Брат недоверчивого Фомы был старше своего родича лет на пять-шесть, а также выше и толще. Судя по одышке, неровному дыханию да каплям пота, блестевшим на нездоровой пористой коже, он плохо выносил полуденную жару. Взгляд его казался печальным, щеки грустно обвисли вдоль неожиданно тонкого, загнутого клювом носа. Губ Иакова почти не было видно на крупном, одутловатом лице, вместо них наблюдались две бледные, чуть розоватые полоски, скрытые свисающими усами сверху и редковатой, спутанной бородой снизу.
– А это Левий Матфей, бывший мокэс, теперь он со мной.
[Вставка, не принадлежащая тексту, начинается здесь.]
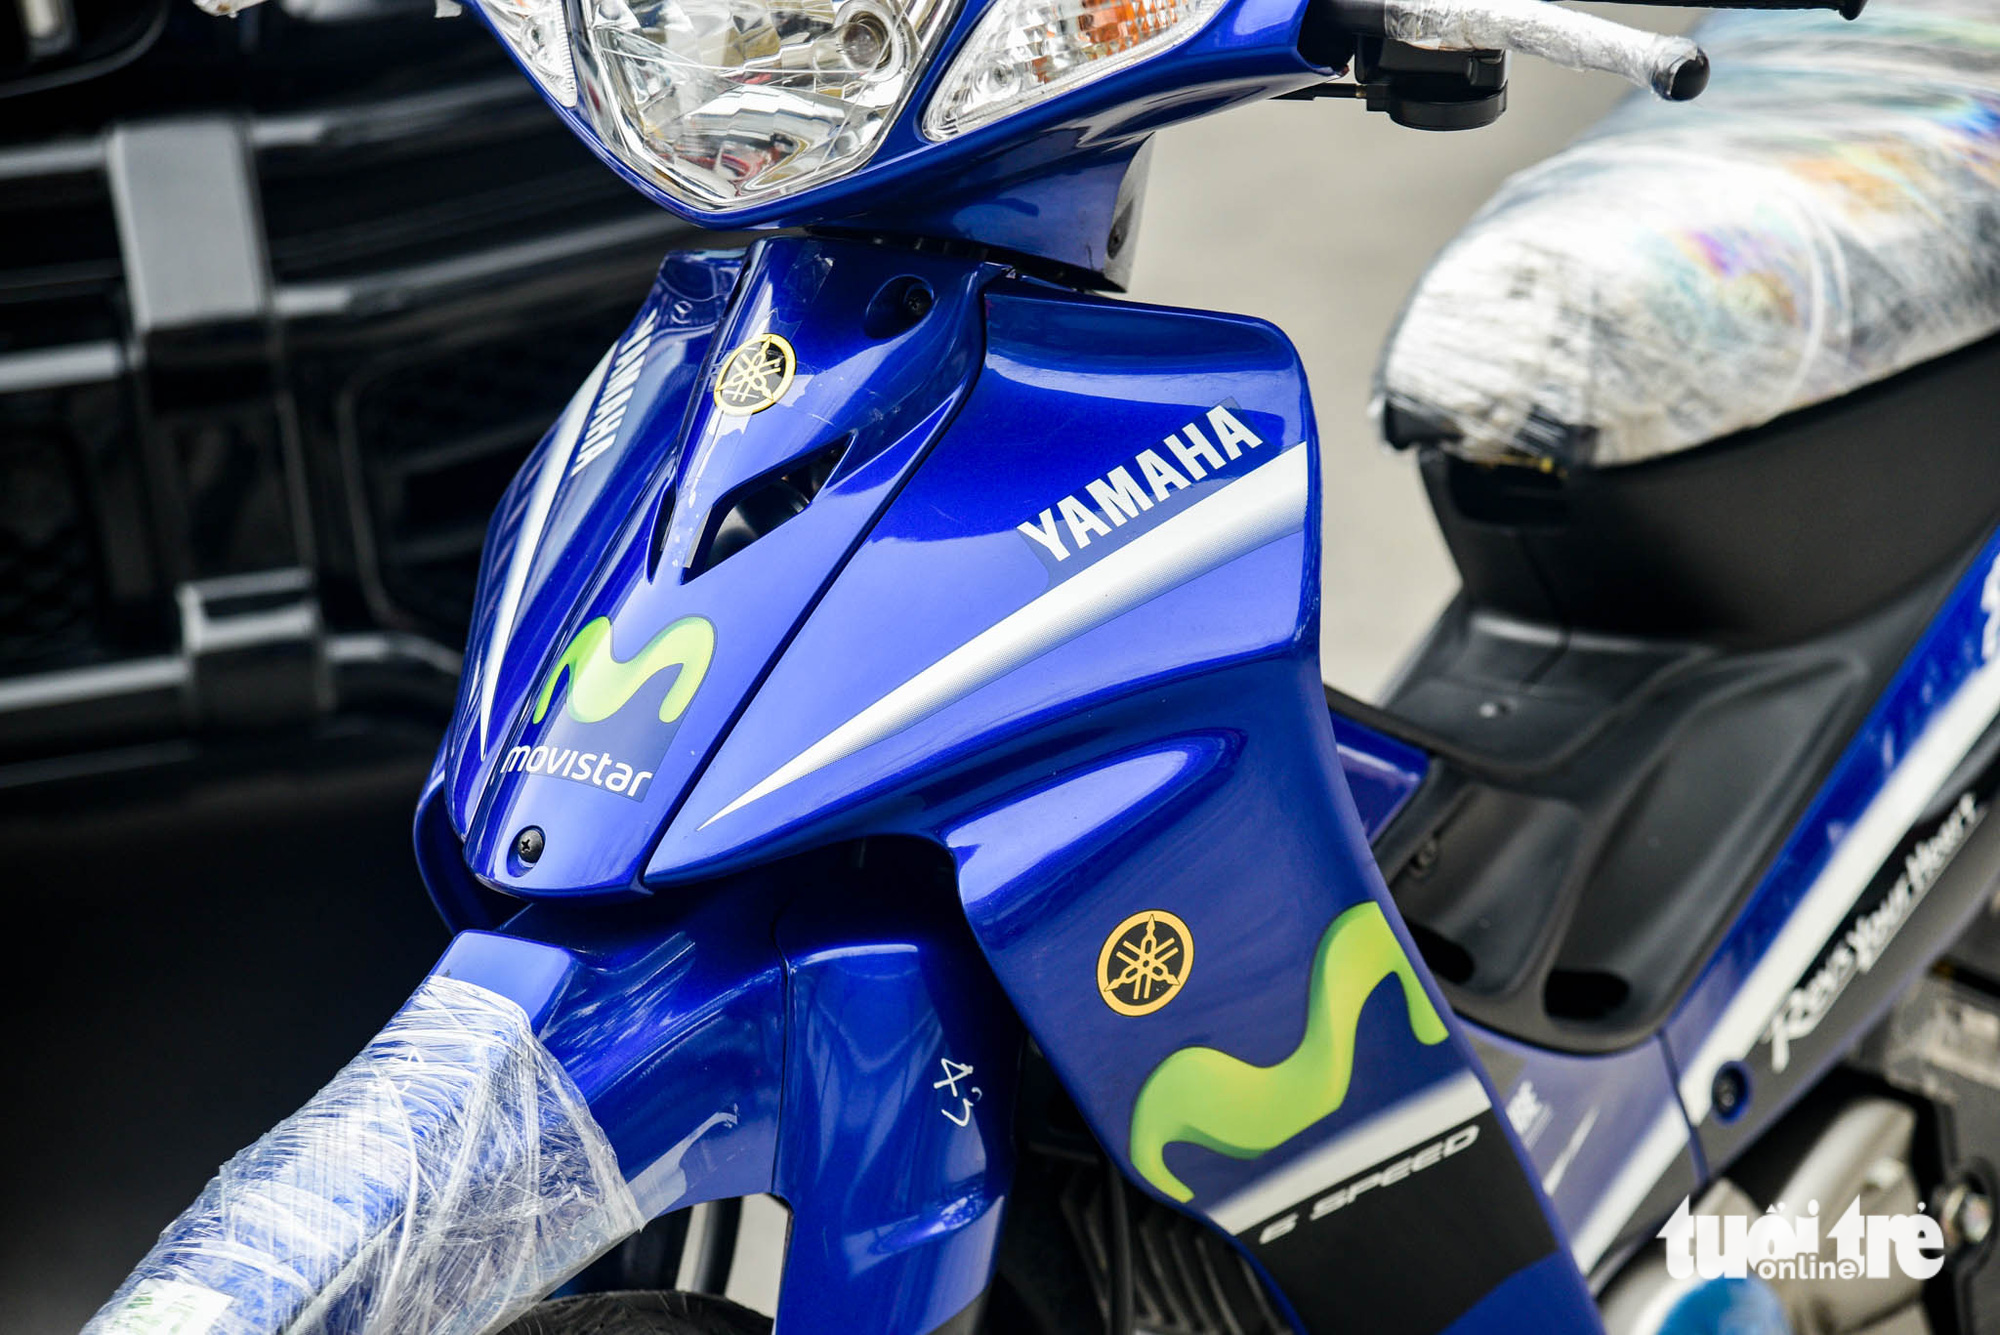 Yamaha 125ZR bản giới hạn giá khoảng 600 triệu đồng tại Hà Nội, dành cho dân chơi thích hàng độc - Ảnh 6.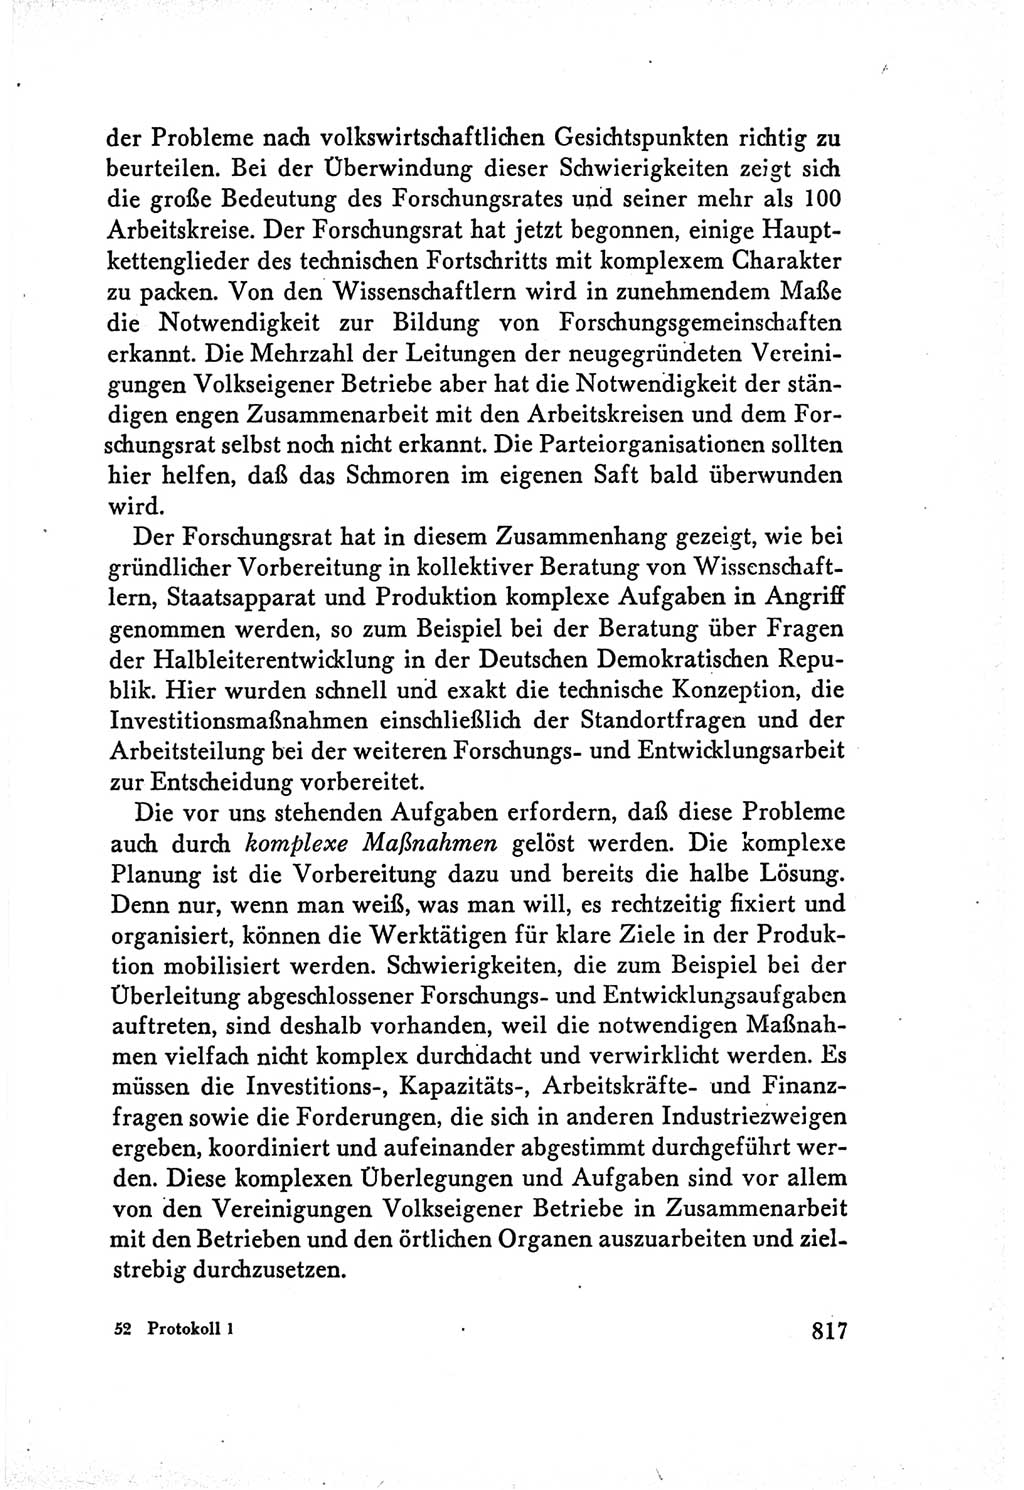 Protokoll der Verhandlungen des Ⅴ. Parteitages der Sozialistischen Einheitspartei Deutschlands (SED) [Deutsche Demokratische Republik (DDR)] 1958, Seite 817

Мне пришлось шагнуть чуть в сторону, чтобы рассмотреть того, кого не приняли бы ни в одном иудейском доме, чье присутствие здесь было чудом само по себе. Я шагнул, а Кифа-Петр снова напрягся и недовольно заворчал, как ворчит сторожевой пес, наблюдая за незнакомцем, пришедшим в дом вместе с хозяином.
Мытарь Матфей оказался совсем молодым человеком, моложе всех, кто сейчас стоял рядом с Ешу: лет двадцати – двадцати трех от силы, среднего телосложения, с чрезвычайно подвижным лицом и неожиданно светлыми глазами, контрастировавшими со смуглой, желтоватой кожей лица.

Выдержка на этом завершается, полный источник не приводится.